Я знала точно, что он намеревался мне сказать. Я так с ним несчастна, что, уж конечно, не захочу оставаться его женой, так что почему бы нам не разойтись полюбовно? Если бы он только ко мне прикоснулся, я бы разрыдалась.
— Значит, дело плохо?
Я кивнула, кусая губы.
— Финн Маклин заходил к тебе вчера, насколько мне известно, — сказал он без всякого выражения. — Ты его по-прежнему обожаешь? Ну говори же, я хочу знать правду.
Самообладание изменяло мне, глаза у меня наполнились слезами. В это время в дверь постучали.

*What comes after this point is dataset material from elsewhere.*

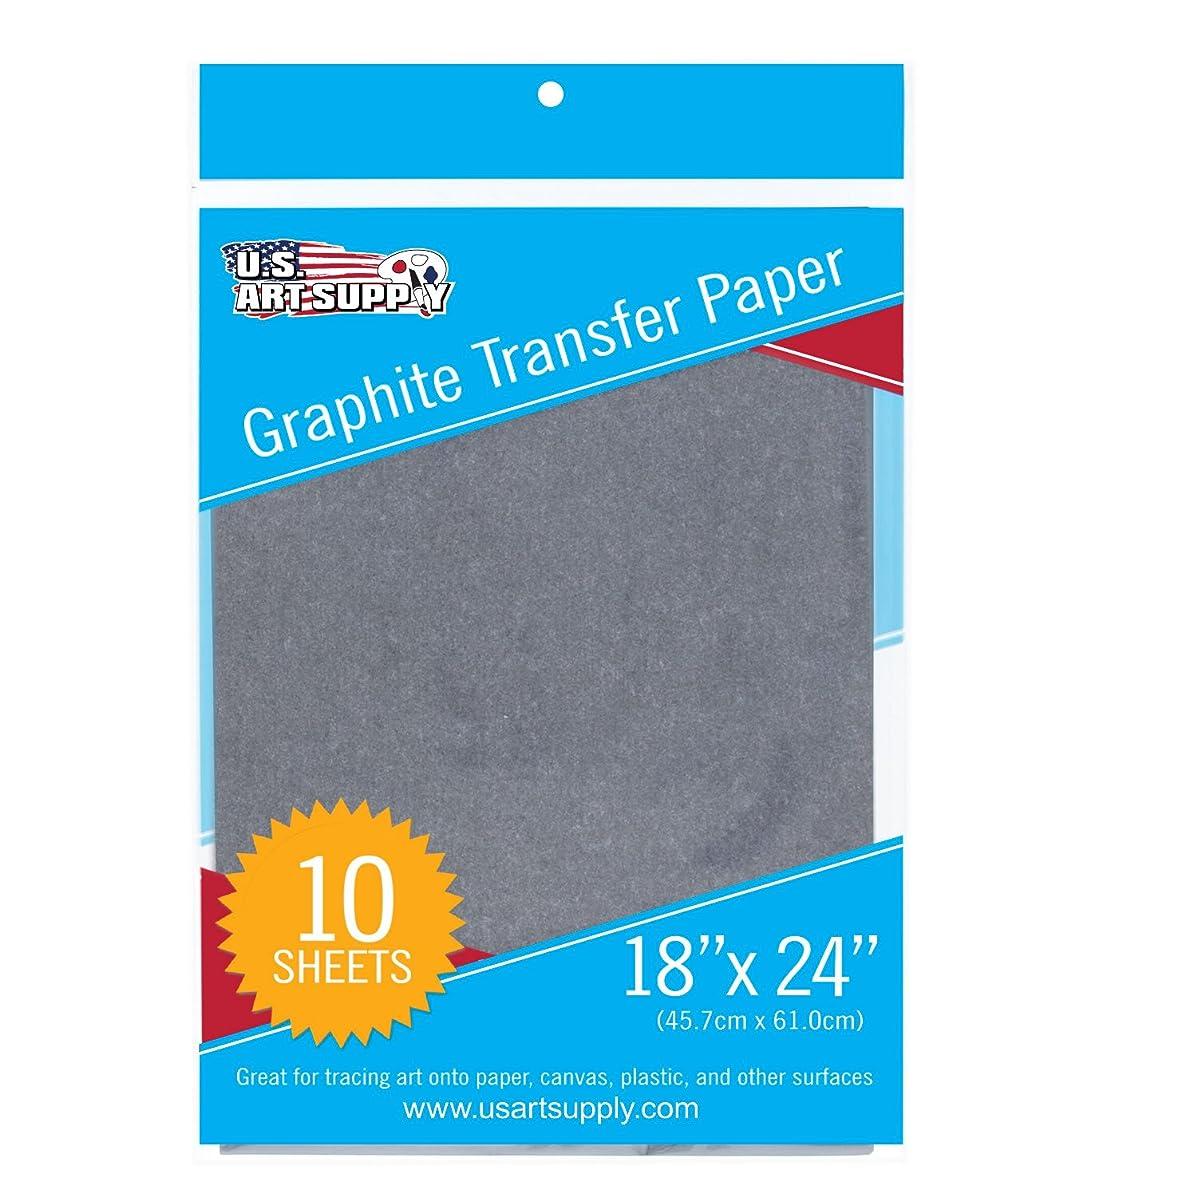 U.S. Art Supply Graphite Carbon Transfer Paper 18

— Убирайтесь, — рявкнул Рори.
Вошел Финн.
— Господи, — взорвался Рори. — Какого черта вы нас не оставите в покое? Чего вы сюда ворвались? Кто вас звал?
— Я пришел взглянуть на Эмили.
— Вы на нее и так нагляделись за последнее время.
— Она, между прочим, моя пациентка.
— С чего бы это, она вполне здорова!
— Это видно. — Финн, наклонившись, гладил Вальтера Скотта, громко стучавшего по полу хвостом.
— И не приставайте к моей собаке.
— Прошу тебя, Рори, — сказала я, — оставь нас на несколько минут.
— Ладно. — Рори направился к двери. — Но запомните, Финн, одно неосторожное движение, и я донесу на вас в комитет по врачебной этике, и вас лишат диплома. — Он хлопнул дверью так, что зазвенели стекла.
Финн поднял бровь.
— Что это за выходка?
— Он только что собрался со мной распроститься, а ты ему помешал. Ты слышал, что объявился его настоящий отец?
Финн кивнул.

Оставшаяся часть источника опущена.